Molander Peter, Novo Mehmed, Hållstam Andrea, Löfgren Monika, Stålnacke Britt-Marie, Gerdle Björn
Pain and Rehabilitation Centre and Department of Health, Medicine and Caring Sciences, Linköping University, 581 83 Linköping, Sweden.
Department of Behavioural Sciences and Learning, Linköping University, 581 83 Linköping, Sweden.
J Clin Med. 2020 Jul 7;9(7):2143. doi: 10.3390/jcm9072143.

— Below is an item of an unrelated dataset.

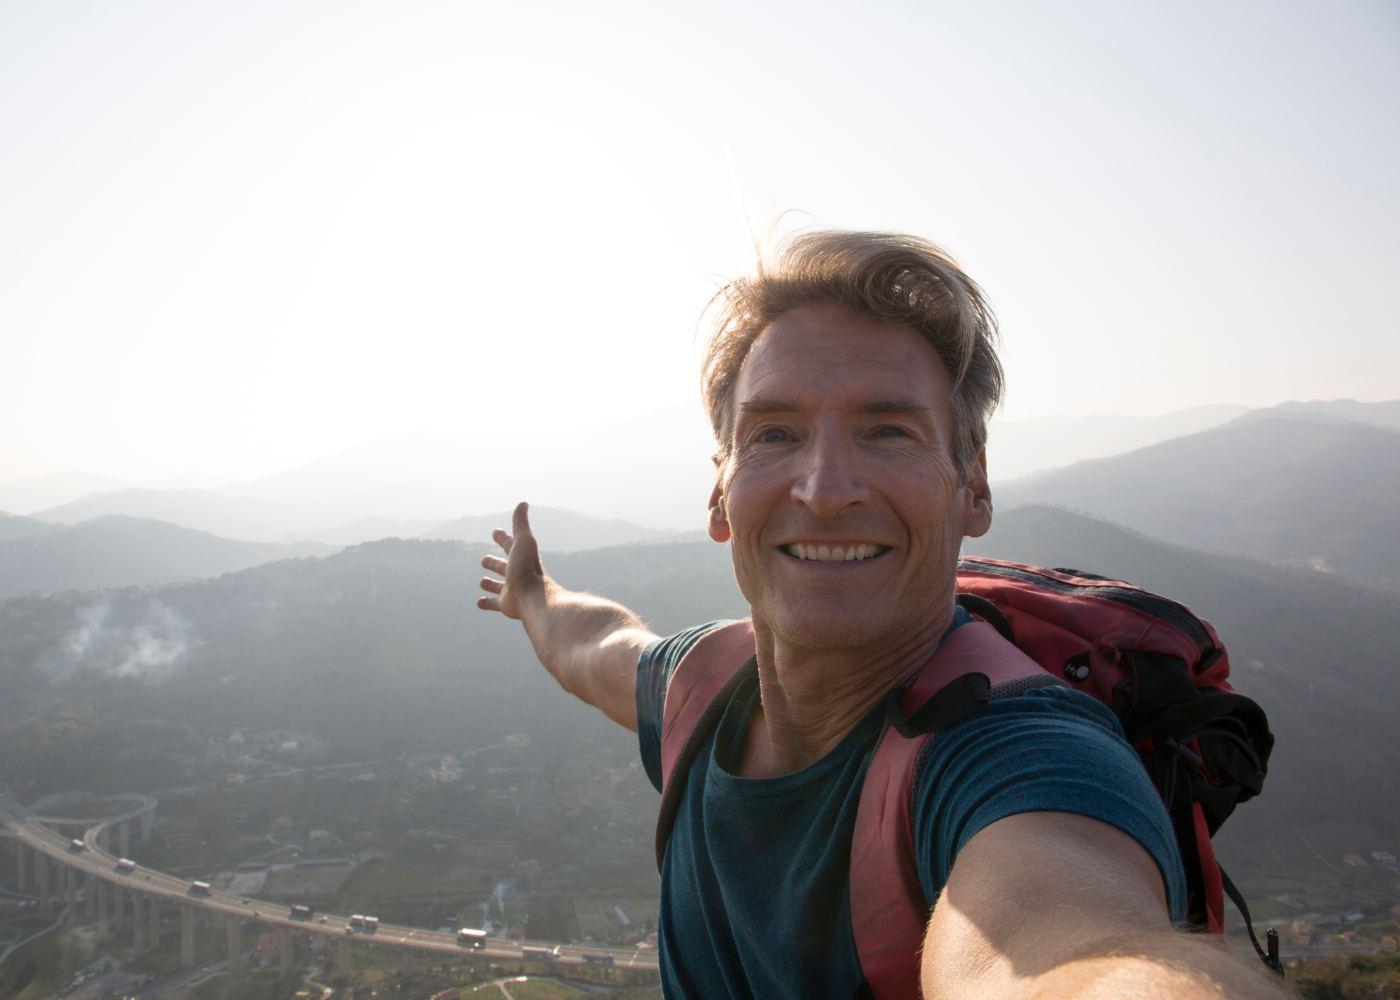 Selfie de homem a viajar sozinho

Although chronic pain is common in patients with Ehlers-Danlos syndrome (EDS) and hypermobility syndromes (HMS), little is known about the clinical characteristics of these groups. The main aim was to compare EDS/HMS with common local and generalized pain conditions with respect to Patient Reported Outcome Measures (PROMs). Data from the Swedish Quality Register for Chronic Pain (SQRP) from 2007 to 2016 ( = 40,518) were used, including patients with EDS/HMS ( = 795), fibromyalgia ( = 5791), spinal pain ( = 6693), and whiplash associated disorders (WAD) ( = 1229). No important differences in the PROMs were found between EDS and HMS. Women were represented in > 90% of EDS/HMS cases and fibromyalgia cases, and in about 64% of the other groups. The EDS/HMS group was significantly younger than the others but had a longer pain duration. The pain intensity in EDS/HMS was like those found in spinal pain and WAD; fibromyalgia had the highest pain intensity. Depressive and anxiety symptoms were very similar in the four groups. Vitality-a proxy for fatigue-was low both in EDS/HMS and fibromyalgia. The physical health was lower in EDS/HMS and fibromyalgia than in the two other groups. Patients with EDS/HMS were younger, more often female, and suffered from pain for the longest time compared with patients who had localized/regional pain conditions. Health-care clinicians must be aware of these issues related to EDS/HMS both when assessing the clinical presentations and planning treatment and rehabilitation interventions.
尽管慢性疼痛在埃勒斯-当洛综合征(EDS)和关节过度活动综合征(HMS)患者中很常见,但对于这些群体的临床特征却知之甚少。主要目的是就患者报告结局量表(PROMs)将EDS/HMS与常见的局部和全身性疼痛病症进行比较。使用了瑞典慢性疼痛质量登记处(SQRP)2007年至2016年的数据(n = 40,518),包括EDS/HMS患者(n = 795)、纤维肌痛患者(n = 5791)、脊柱疼痛患者(n = 6693)和挥鞭样损伤相关疾病(WAD)患者(n = 1229)。在PROMs方面,未发现EDS和HMS之间有重要差异。在EDS/HMS病例和纤维肌痛病例中,女性占比超过90%,在其他组中约占64%。EDS/HMS组明显比其他组年轻,但疼痛持续时间更长。EDS/HMS的疼痛强度与脊柱疼痛和WAD中的疼痛强度相似;纤维肌痛的疼痛强度最高。四组中的抑郁和焦虑症状非常相似。活力(一种疲劳指标)在EDS/HMS和纤维肌痛中都很低。EDS/HMS和纤维肌痛患者的身体健康状况低于其他两组。与患有局部/区域性疼痛病症的患者相比,EDS/HMS患者更年轻,女性更多,且疼痛时间最长。医疗保健临床医生在评估临床表现以及规划治疗和康复干预措施时,必须了解与EDS/HMS相关的这些问题。